Exercise: Pictures are to be left out. Return exactly the lines below from the one with "Hudson London Battle" up to and including the one with "- Rabia Warsi".

Data for processing:
----------------------------------------

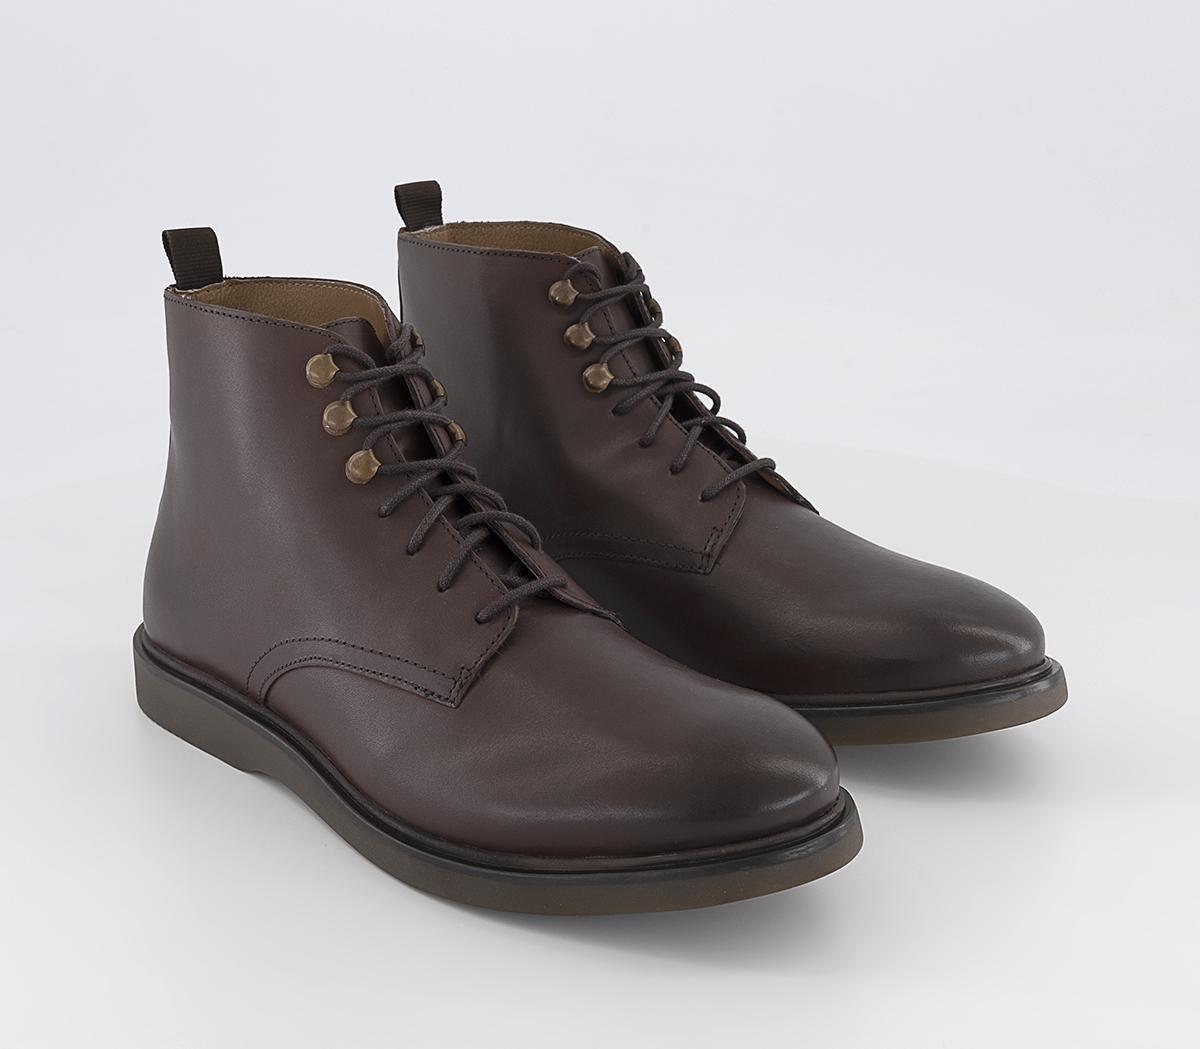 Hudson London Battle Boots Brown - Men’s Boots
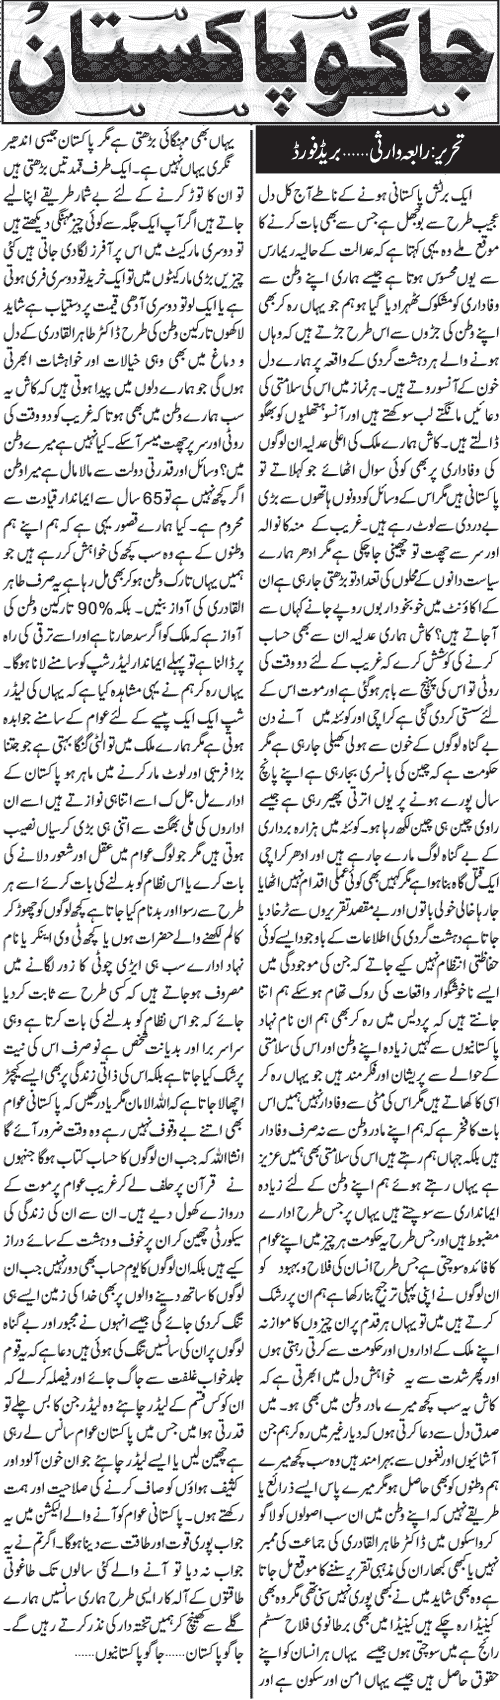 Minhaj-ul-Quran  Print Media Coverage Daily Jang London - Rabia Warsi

----------------------------------------

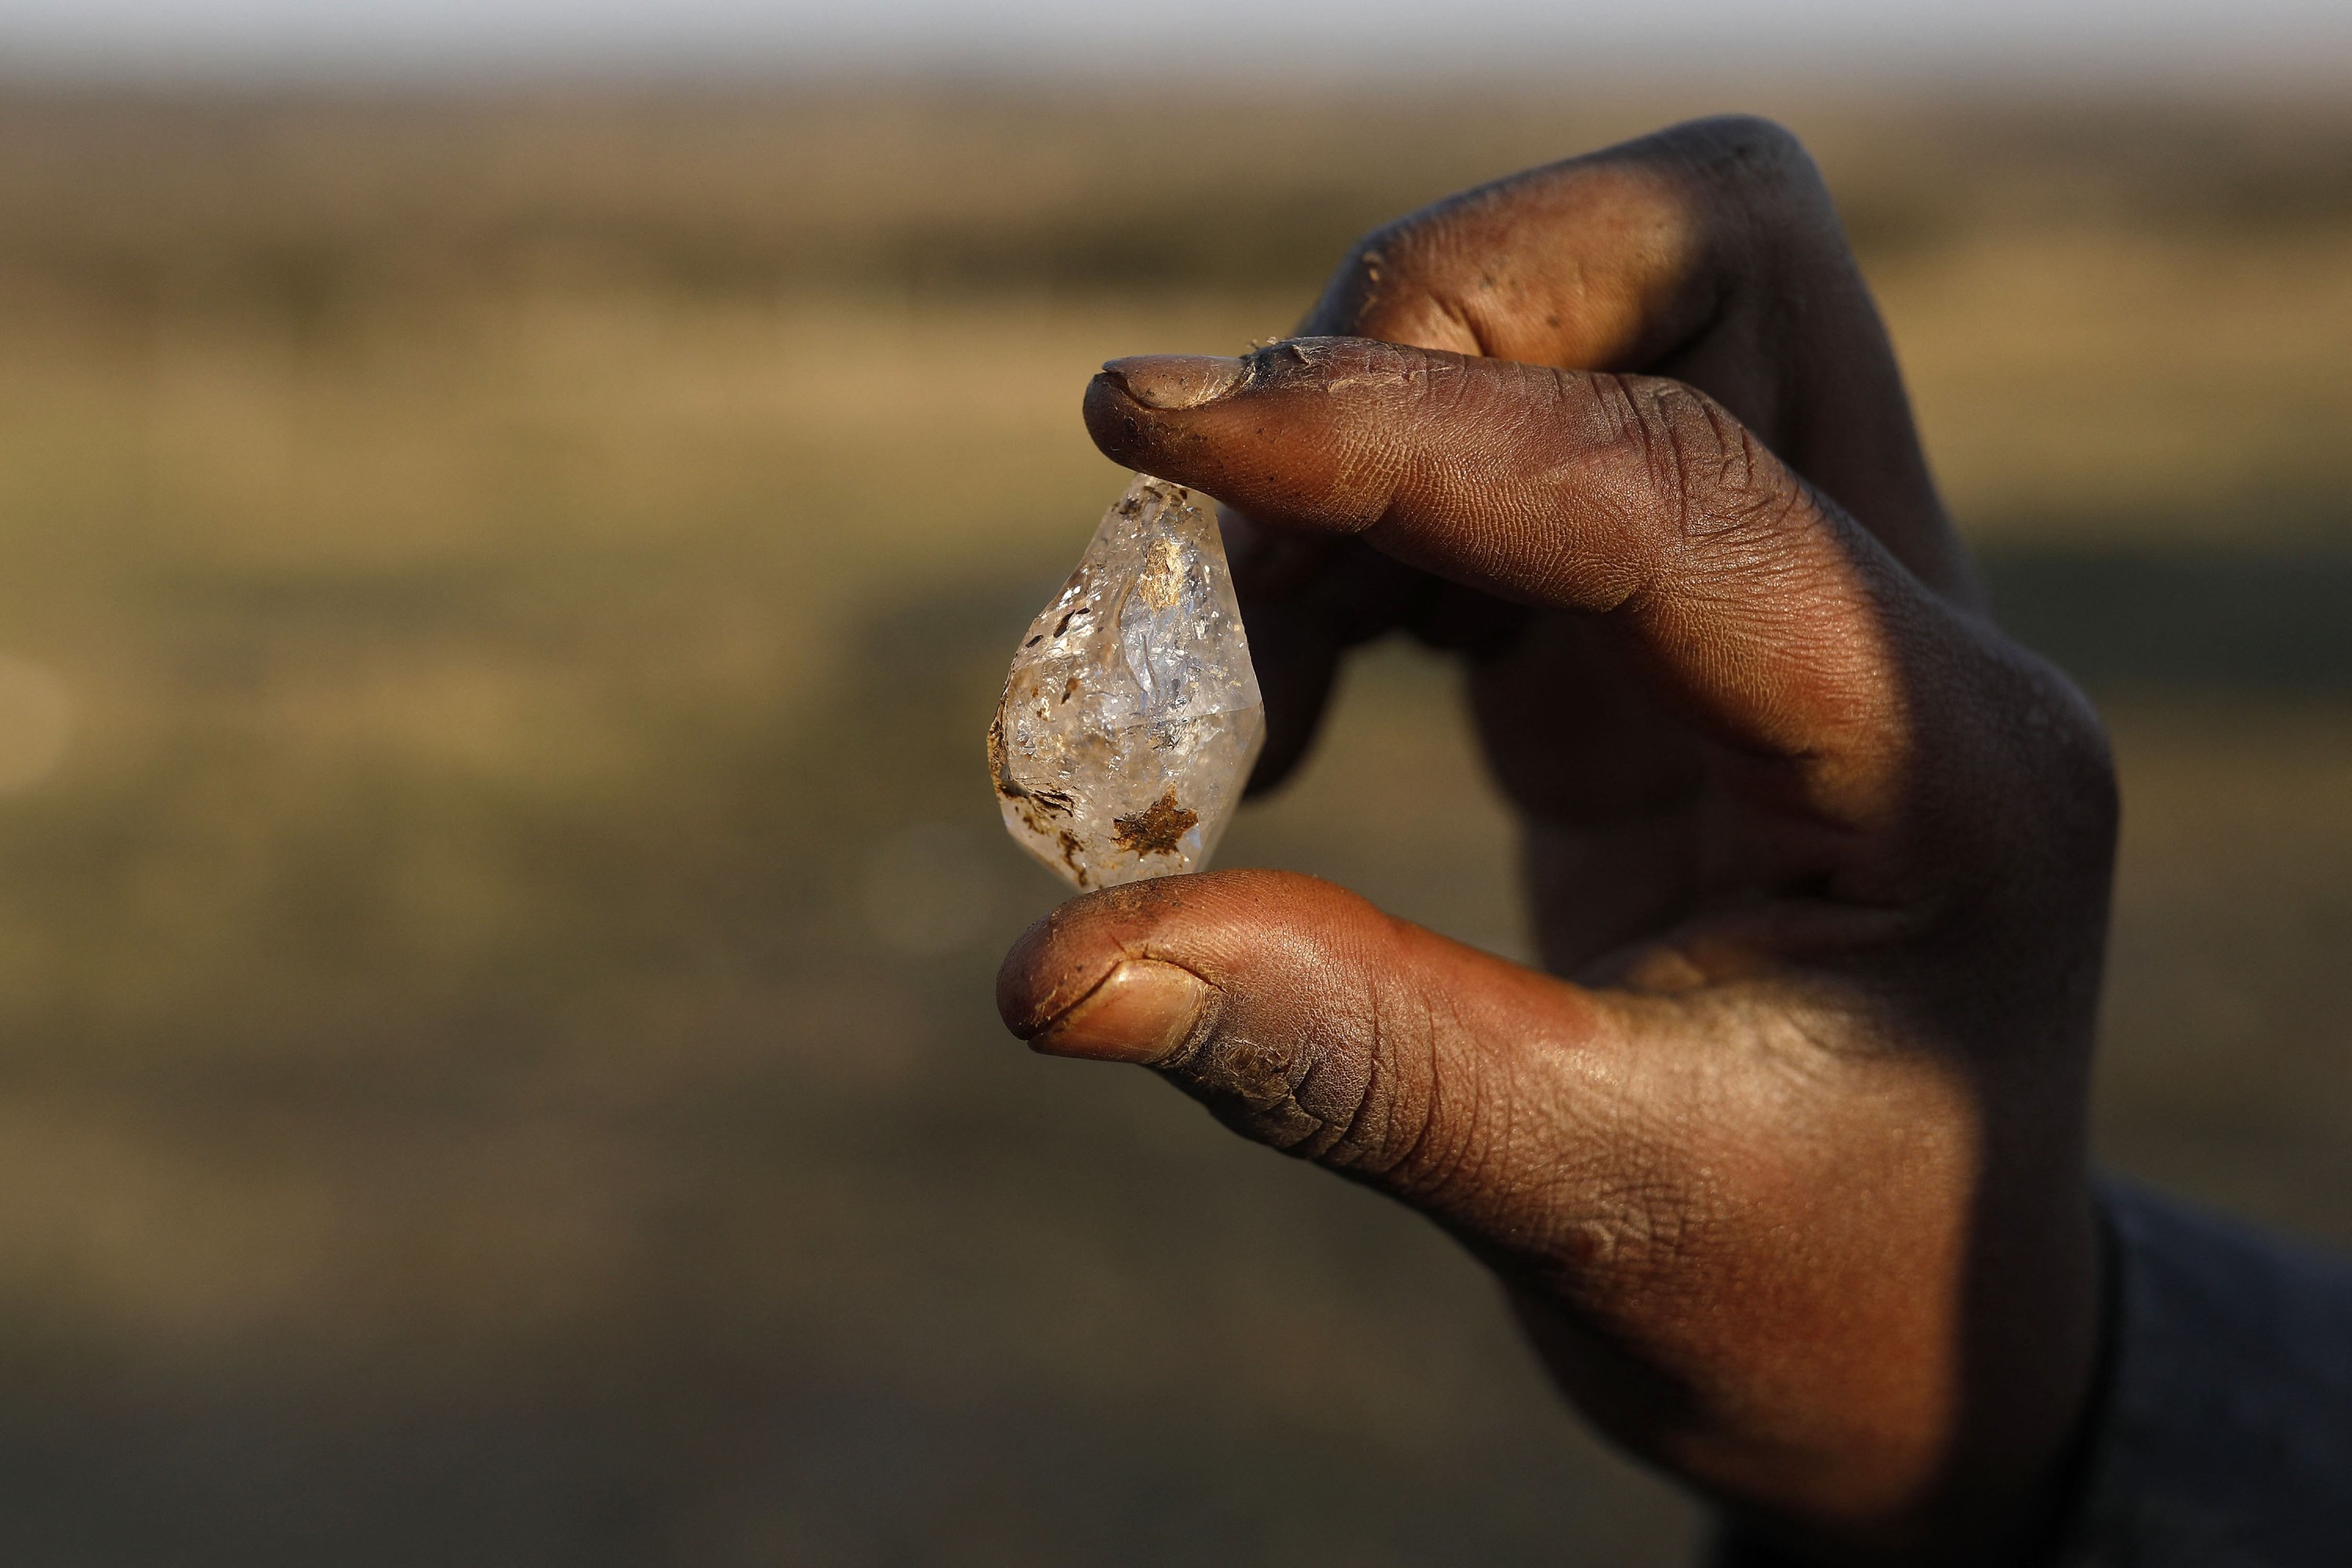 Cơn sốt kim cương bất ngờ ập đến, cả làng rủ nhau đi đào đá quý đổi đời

----------------------------------------

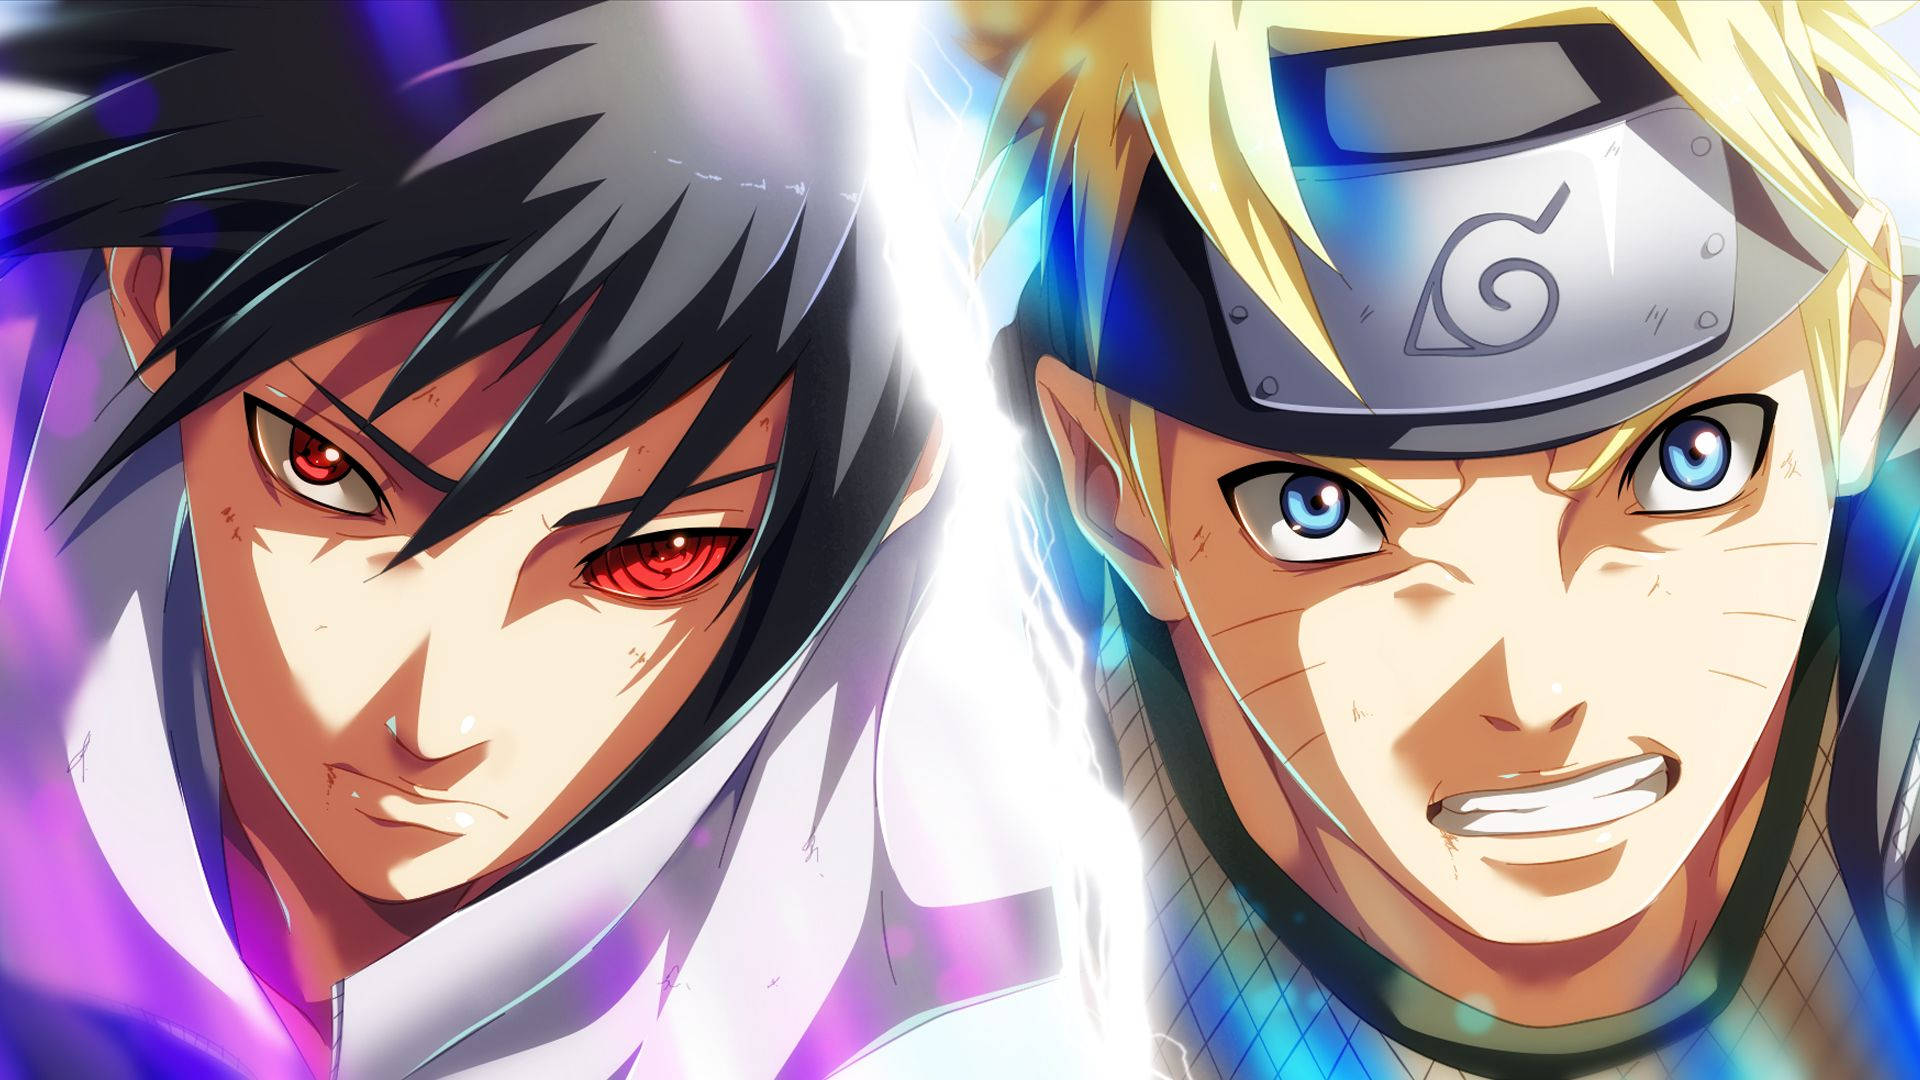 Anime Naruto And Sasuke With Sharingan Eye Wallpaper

----------------------------------------

Output:
 Hudson London Battle Boots Brown - Men’s Boots
 Minhaj-ul-Quran  Print Media Coverage Daily Jang London - Rabia Warsi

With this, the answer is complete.